Various bloggers have commented recently on economic
orthodoxy and whether changes are needed to the teaching of economics. Paul Krugman (largely) defends the mainstream. I was particularly interested in one comment
he made (in this post).
"It’s true that few economists tracked the rise of shadow banking that bypassed the traditional safeguards — but that was a problem of vigilance, not bad theory."
"It’s true that few economists tracked the rise of shadow banking that bypassed the traditional safeguards — but that was a problem of vigilance, not bad theory."
I'd agree that vigilance was lacking when it comes to regulatory matters, but I suspect that theoretical orthodoxy is also partly to blame here.
There were lots of things happening that contributed to the crisis, which is why you hear so many different explanations. However, the following process played an important part.
1. In the years leading up to the crisis, developments in the financial sector increased the supply of credit to households.
2. The greater flow of credit increased household spending at the same time as it led to rising debt to income ratios.
3. The higher the debt to income ratio goes, the more likely it is that the flow of credit will slow or go into reverse.
4. When the supply of credit eventually slows, household spending will fall.
To understand why the financial sector was lending so much requires some knowledge of the regulatory environment and things like shadow banking.
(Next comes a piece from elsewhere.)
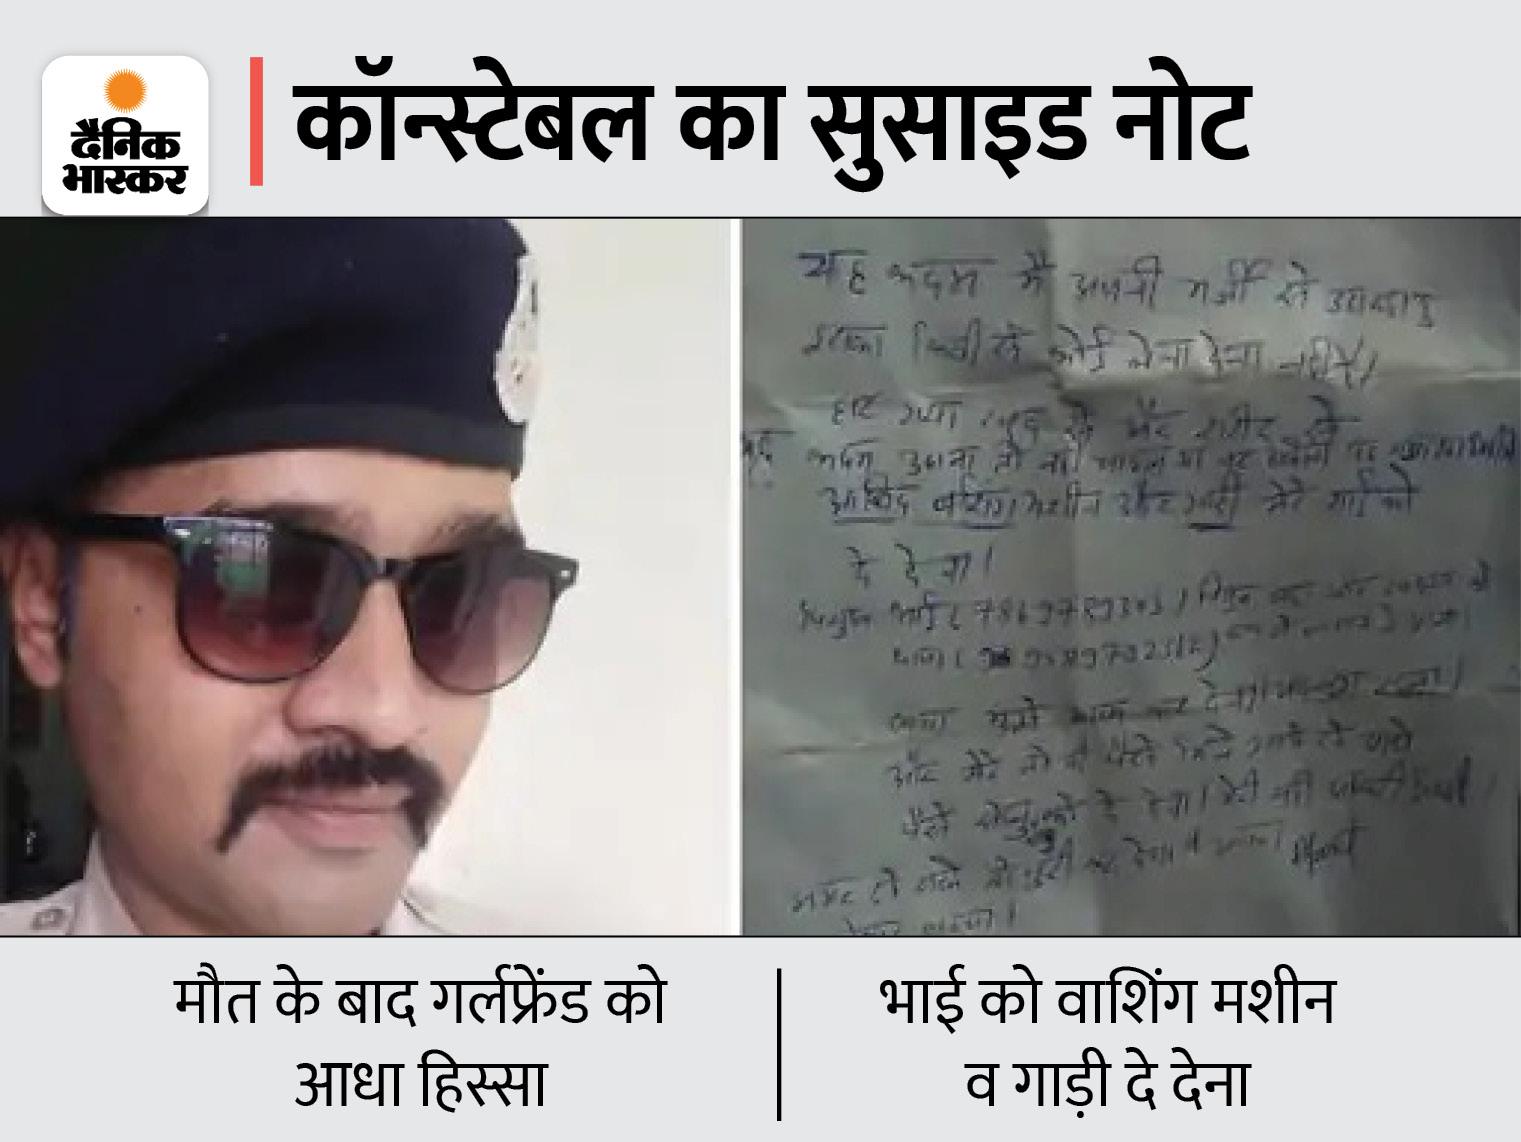 शादीशुदा महिला पर आया दिल तो परिवार से दूर हुआ; आखिरी नोट में लिखा- आधे पैसे 'सोनू बाबू' को देना खंडवा,Khandwa - Dainik Bhaskar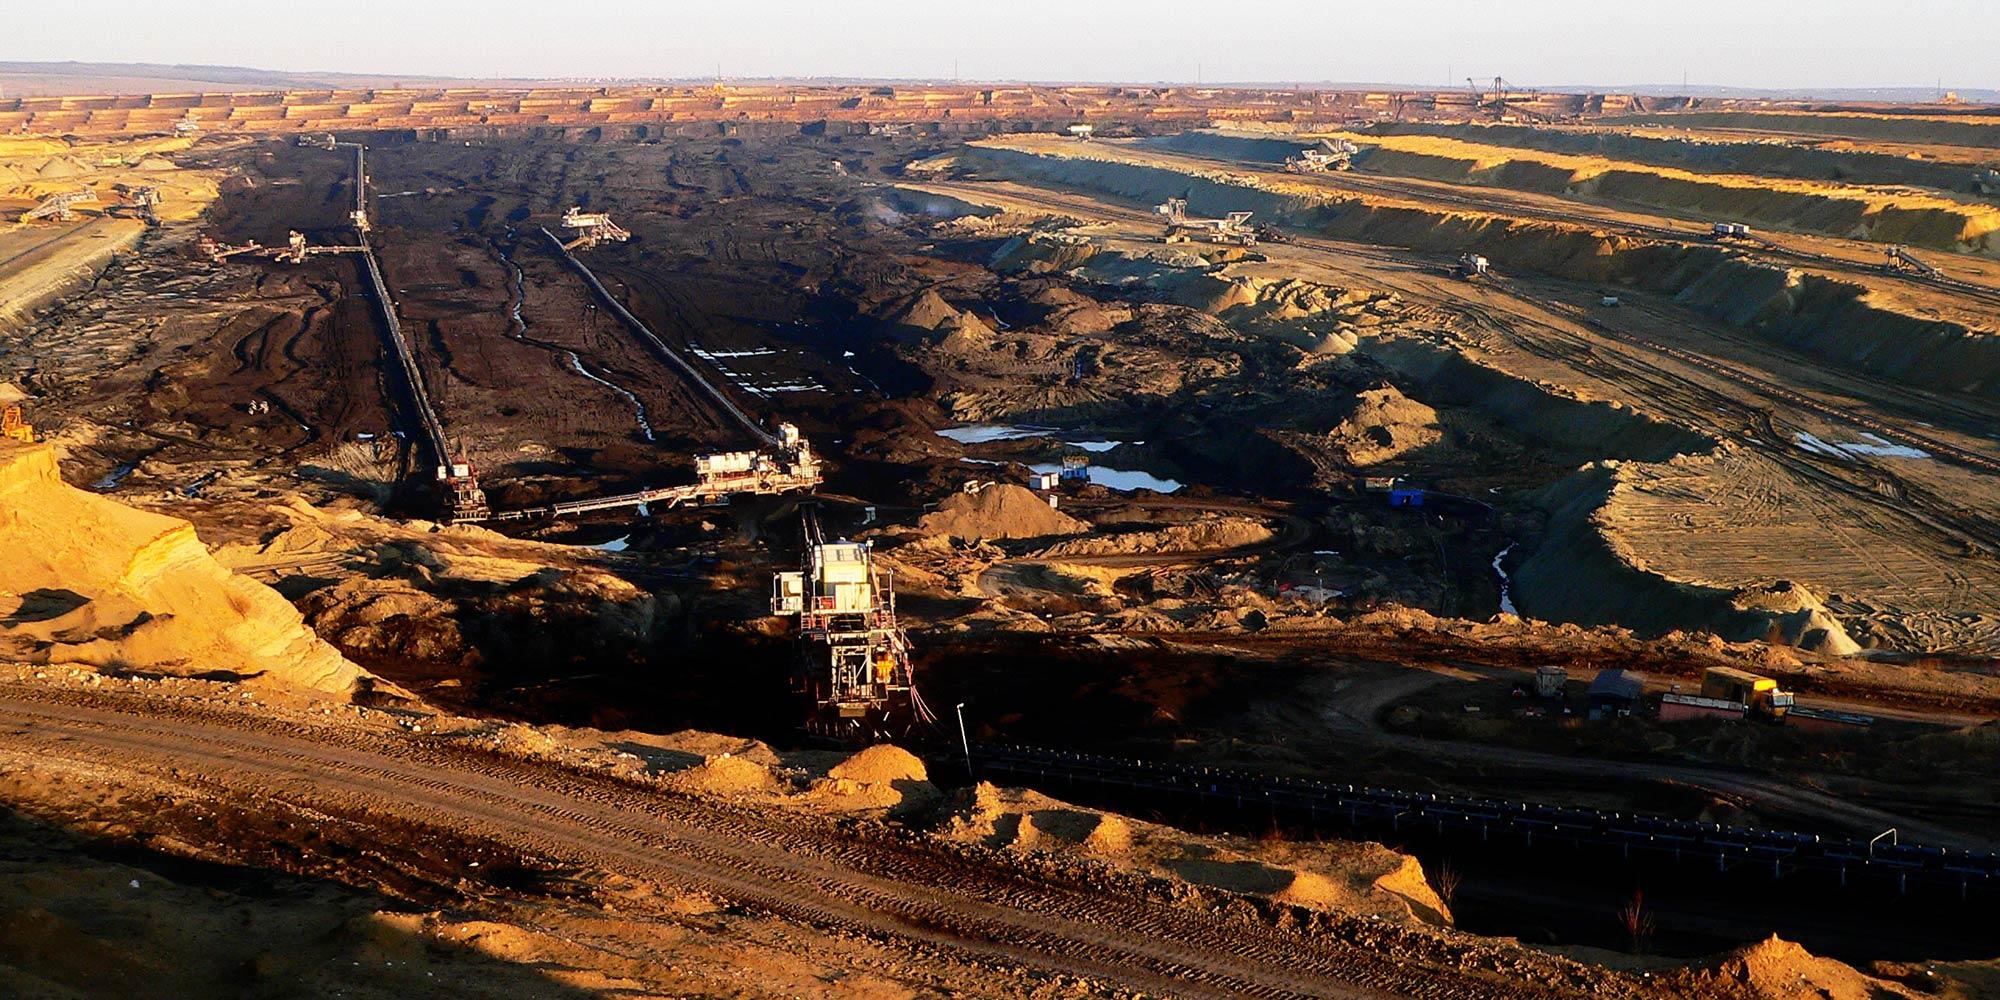 An open mining pit seen.

However, you didn't need any knowledge of these things to be able to see the growth in household debt. Even if you had never heard of shadow banking, the growth in debt should have been clear from the data.
I would not expect any economist to be able to predict the details of a crash. The things that determine timing and extent are too complex and vague to be the subject of forecast. It's not usually even possible to say whether a crash will in fact occur, or whether there will simply be a slow unremarkable correction.
My point here is that the process I have described is very easily explained and understood within a simple Post Keynesian analytical framework. There might be disagreement on the precise mechanics, but the basic picture is clear. It is less easy to see within a framework of maximising representative agents. Sure - it is possible to extend these ideas to incorporate all sorts of things, as supporters of the mainstream would be quick to point out. But making the models more complex does not help highlight the important issues. After all, the important issue here is not the rationality or otherwise of financial institutions - it is the hard fact of credit growth.
The relationship between credit supply and spending should be basic economics. If the orthodox approach means we can't spot it when it's going on right before our eyes, then that approach is lacking. This is the problem with not taking the pluralist view in economics. Economies are by their nature too complex to be captured by any one method of analysis. All any approach does is provide us pointers and clues to help see what is going on. Ignoring those that seem to contradict our preferred worldview can blind us to what is really going on.